中华民族在其发展过程中积累了丰富的历史学成果,留下了珍贵的史学遗产,它们是中华各族创造自己的历史和共同创造中华历史的记录。学术界对中国民族史的研究不仅历史悠久,而且成就显著。与兴旺发达的中国民族史研究相比,少数民族史学史的研究则显得滞后。虽然历史上也有关于民族史学史的研究和撰述,但由于种种原因,仅是一些零散的、片断的研究和撰述,更谈不上形成专门学科[1]。1949年中华人民共和国建立以后,随着在唯物史观指导下的史学史研究的兴起和发展,民族史学史的研究亦有所开展。1984年撰写的多卷本《中国史学史·导论》中,白寿彝先生提出:“单就中国史学史来说,汉文史书浩如烟海,整理出来一条发展的线索,已经很不容易。国内的少数民族,如蒙古、维吾尔、藏族、傣族、白族等,也都有他们的史学,现在我们知道得还很少。把中国史学史写成一部多民族的中国史学史,需要一个长期的过程。……不写兄弟民族的史学史,中国史学史就不算完整。”[2]1985年第一次全国史学史座谈会上,白寿彝指出:“兄弟民族的史学史工程很大,内蒙古、新疆的研究工作有一定成绩,可彼此没有联系。西南也有一些,云南、贵州是多民族的地区,也要进行这项工作。我们史学史将来要发展成全民族的史学史,应该把少数民族史学史的研究工作作为一项重要科目加以提倡。”[3]他号召学术界从中国史学史研究和学科建设的高度,加强少数民族史学史的研究。白寿彝在其主编的多卷本《中国通史》之《导论》第一章《统一的多民族的历史》(1989)和《关于中国民族关系史上的几个问题》(2001)中,高屋建瓴地概述了中国历史上多民族史的撰述传统,提出了“各民族共同创造中国历史的理论、历史疆域理论、统一多民族国家形成和中国历史上民族关系的主流理论”,揭示出民族关系的本质—各民族共同创造中国历史、缔造中华文明,奠定了中国少数民族史学研究的理论基础。在主编的《中国回回民族史》中,白寿彝委托李松茂执笔撰《甲编序说》,“把过去研究回族史的成果,作一个总的论述,这实际上是浓缩了的回族史学史”[4],为少数民族史学史研究树立了榜样。

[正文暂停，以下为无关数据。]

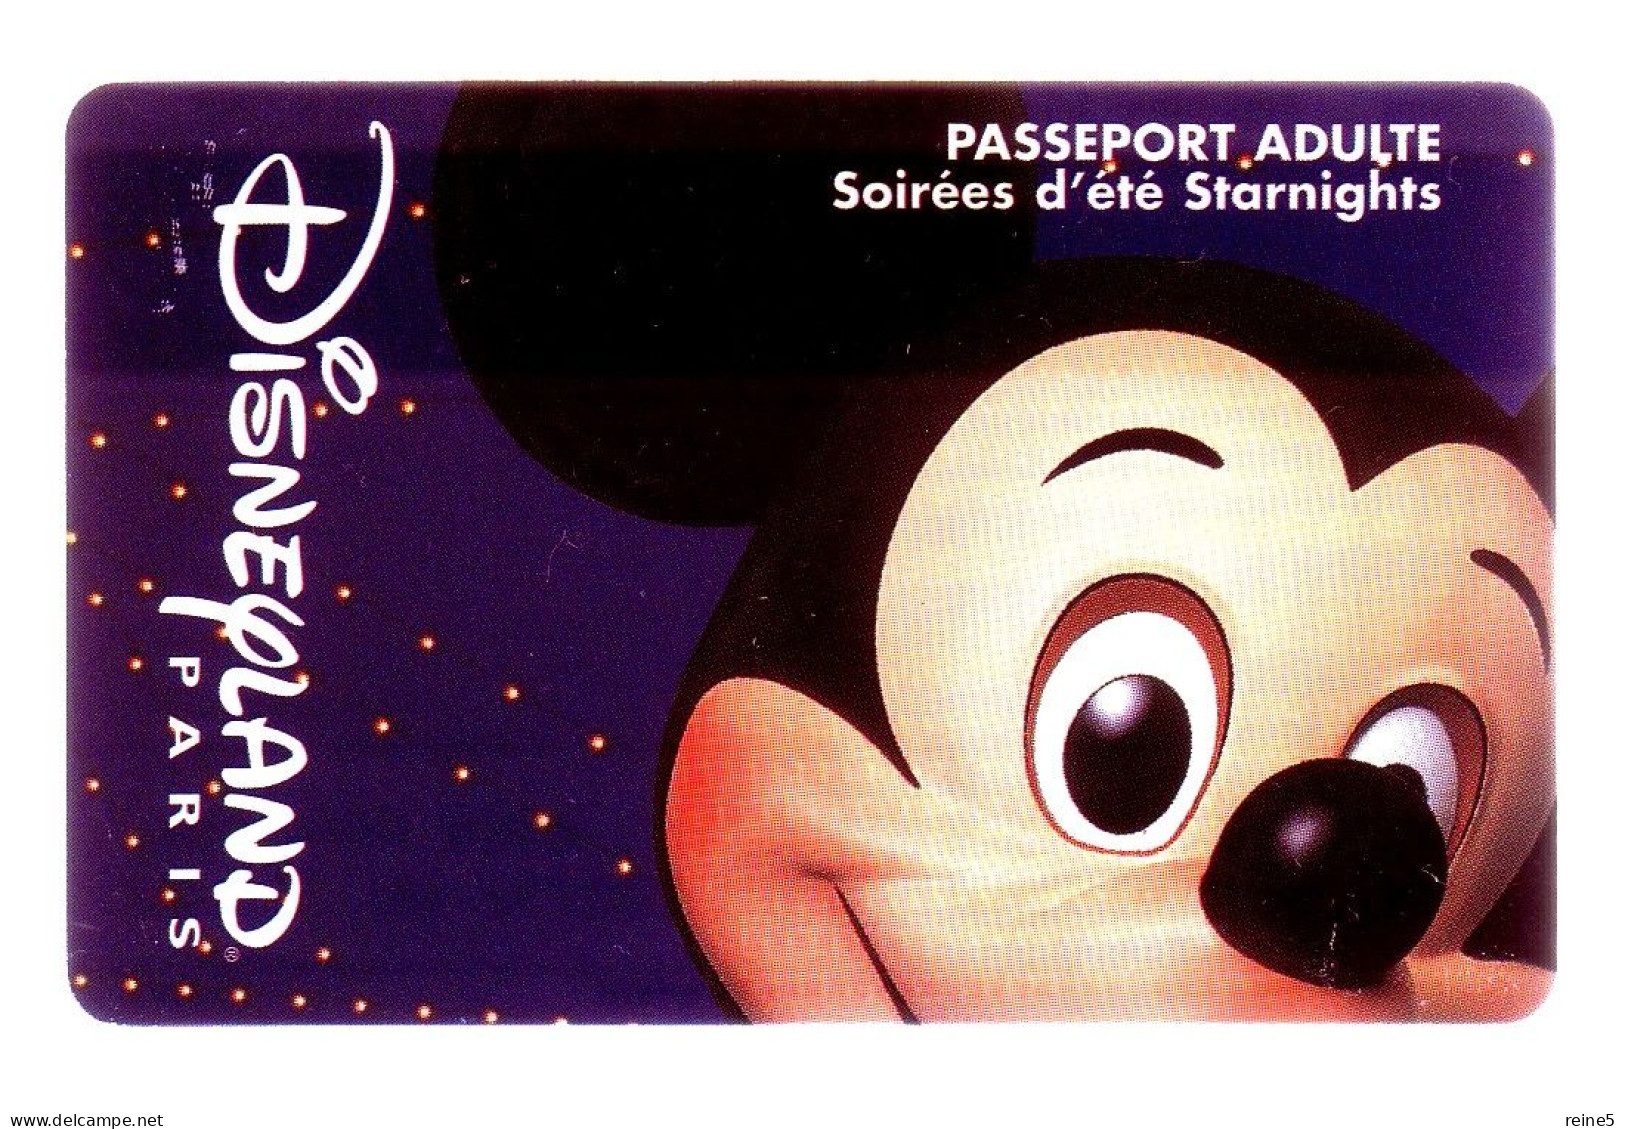 PASSEPORT ADULTE MICKEY SOIREES D'ETE STARNIGHTS DISNEYLAND PARIS -TRES BON ETAT -REF-PASS DISNEY-14 - Disney-Pässe

白寿彝的号召和示范得到历史学界和民族学界的积极响应。1989年,施丁在总结中华人民共和国40年史学史研究成果时指出:“对中国古今之史学,如不通,则称不得中国史学史。对中国各阶段之中各族之史学,如不通,则也称不得中国史学史。故我们对古代史学史要研究,对近代、当代的史学史也要研究;对汉族的史学史要研究,对蒙、藏、回等各族的史学史也要研究。”[5]2005年5月13日,罗贤佑在“中国民族史研究的回顾与前瞻”学术研讨会上呼吁,目前民族史研究的迫切任务是修撰一部中国少数民族史学史,以总结学科的发展,并对未来的研究加以指导[6]。北京师范大学瞿林东教授始终将白寿彝的号召作为自己的治学重点,所著《历史·现实·人生—史学的沉思》(1994)一书,对“民族史学与民族凝聚力”理论进行了阐释。其所著《中国史学史纲》[7],着重论述了“辽金史学的民族特色及其对多民族国家历史文化的认同”,并以数万字篇幅阐述了“多民族史学的进一步发展—元代史学”,开史学史著述新面。瞿林东2005年提出“中国少数民族史学研究”的基地重大项目建设课题,受到教育部的大力支持。2007年9月,其以北京师范大学史学理论与史学史研究中心名义牵头,在河北承德举办了“中国少数民族史学与历史学多学科研究方法”学术研讨会,编辑出版论文集《中国少数民族史学研究》[8],有力地推动了中国少数民族史学史的研究。瞿林东还率先垂范,发表了《白寿彝先生的学术思想和史学成就》(《史学理论与史学史学刊》2002年卷)、《少数民族史学的发展与多民族统一国家观念的形成》(《河北学刊》2007年第6期)、《中国少数民族史学发展的几个阶段》(《中国少数民族史学研究》,北京图书馆出版社,2008)、《略论魏晋隋唐间的少数民族史学》(《河北学刊》2008年第3、4期)、《断代史学与民族史学研究的新成果—〈辽金元史学研究〉序》(《廊坊师范学院学报》2009年第5 期)、《探索民族间的心灵沟通—深入研究中国历史上历史文化认同的传统》(《史学史研究》2010年第4期)、《略说撰写多民族历史传统的阶段性特征》(《史学理论与史学史学刊》2014年卷)等论文。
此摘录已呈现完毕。